After Multnomah County began to issue marriage licenses to same-sex couples in 2004, Broussard filed a lawsuit aiming to stop the issuing; it was dismissed. By 2026, Broussard had reversed his position and claimed not to have remembered the 2004 lawsuit.

During his 2004 Senate bid, Broussard indicated opposition to Ballot Measure 30, which would have increased taxes, and support for a national universal healthcare system.

In 2006, he was the Republican nominee for Oregon's 3rd congressional district, winning the primary off write-ins. Broussard received 23 percent of the vote in the general election compared to Democrat Earl Blumenauer's 73 percent.

===Local politics===
Broussard has run for Mayor of Portland thrice: in 2000, 2016, and 2020. All three times, he was unsuccessful. In addition, he ran for Portland City Commissioner in 1996 and Multnomah County Commissioner from the 2nd district in 2014 and 2018; again without success. In 2022, Broussard ran for Multnomah County Chair and placed fifth out of six candidates.

His 2016 mayoral campaign centered around curbing homelessness in Portland, and he proposed banning homeless people from sleeping on sidewalks.

Broussard ran for Metro Council President in 2026, placing fourth out of five candidates and losing to Juan Carlos González. When asked by The Oregonian about his priorities if elected, he said, ”I don’t know 100%.”

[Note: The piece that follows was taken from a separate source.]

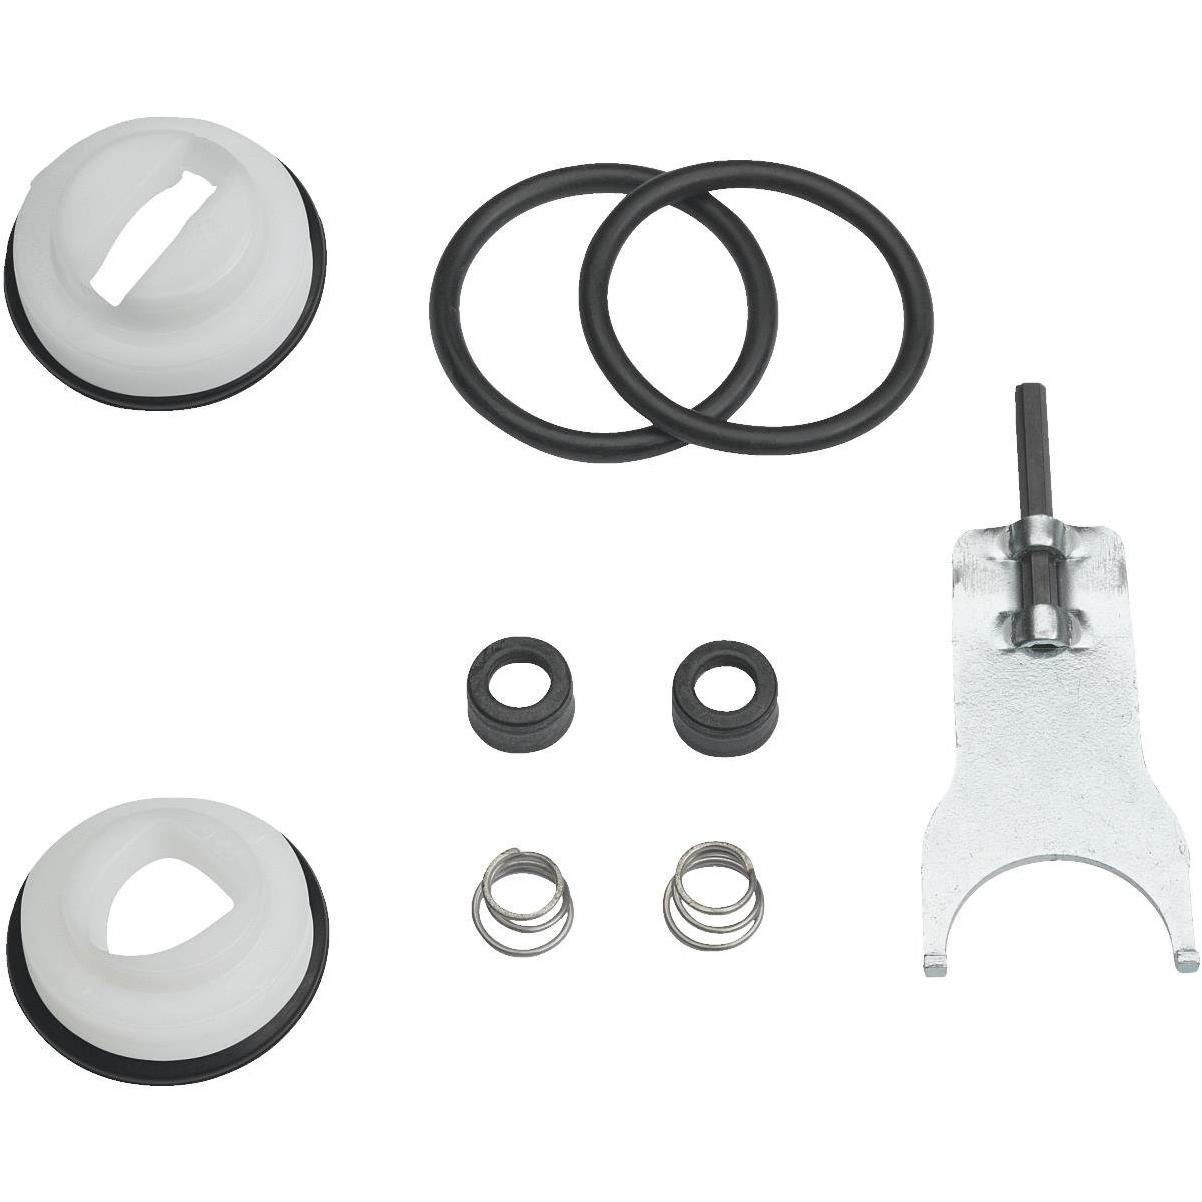 Delta Faucet Repair Kit For Single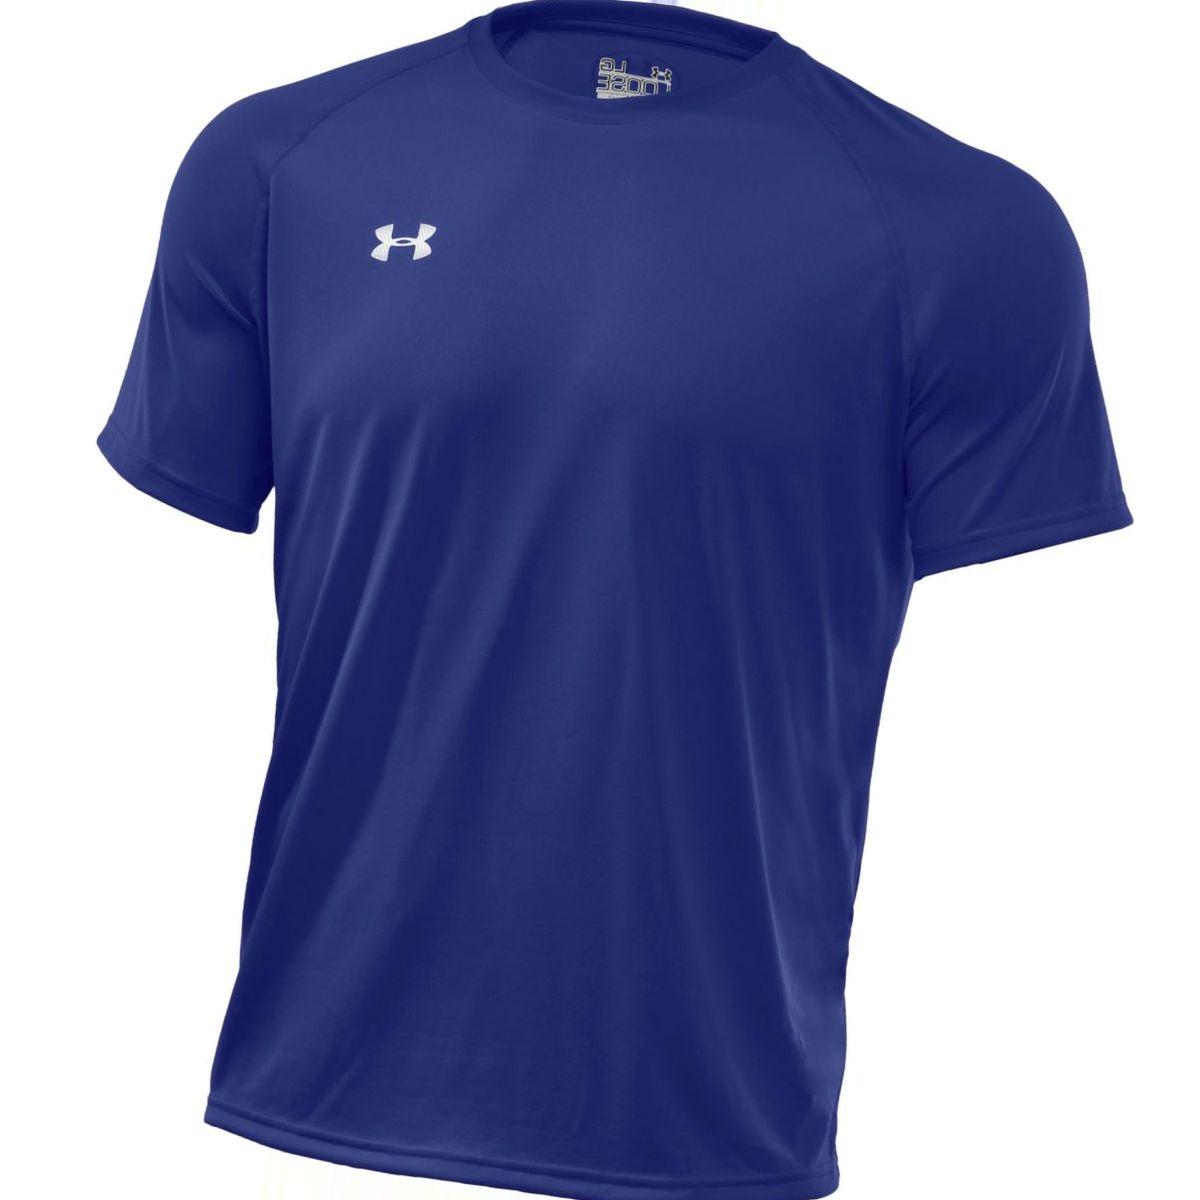 Under Armour Tech T-Shirt - Men's

===Party affiliations and endorsements===
In 2016, Broussard, a longtime Republican, switched to the Libertarian Party, saying, "Over the years, and especially during this election, it has become clear that we need a strong and effective third party to represent the American people. I will continue to work with my Republican and Democrat friends where I can, but I look forward to bringing a fiscal conservative and socially liberal voice to Multnomah County politics." He also endorsed Gary Johnson's presidential campaign.

In 2022, Broussard appeared in a commercial for Republican Christine Drazan, endorsing her in the 2022 Oregon governor's race.

As of 2026, Broussard was registered as an unaffiliated voter.

==Personal life==
Broussard and his wife, Norma, reside in North Portland. They operated Norma's Kitchen, which served Cajun and Louisiana Creole cuisine. The restaurant closed in 2017. He is fluent in Louisiana Creole and plays the washboard in a Creole band.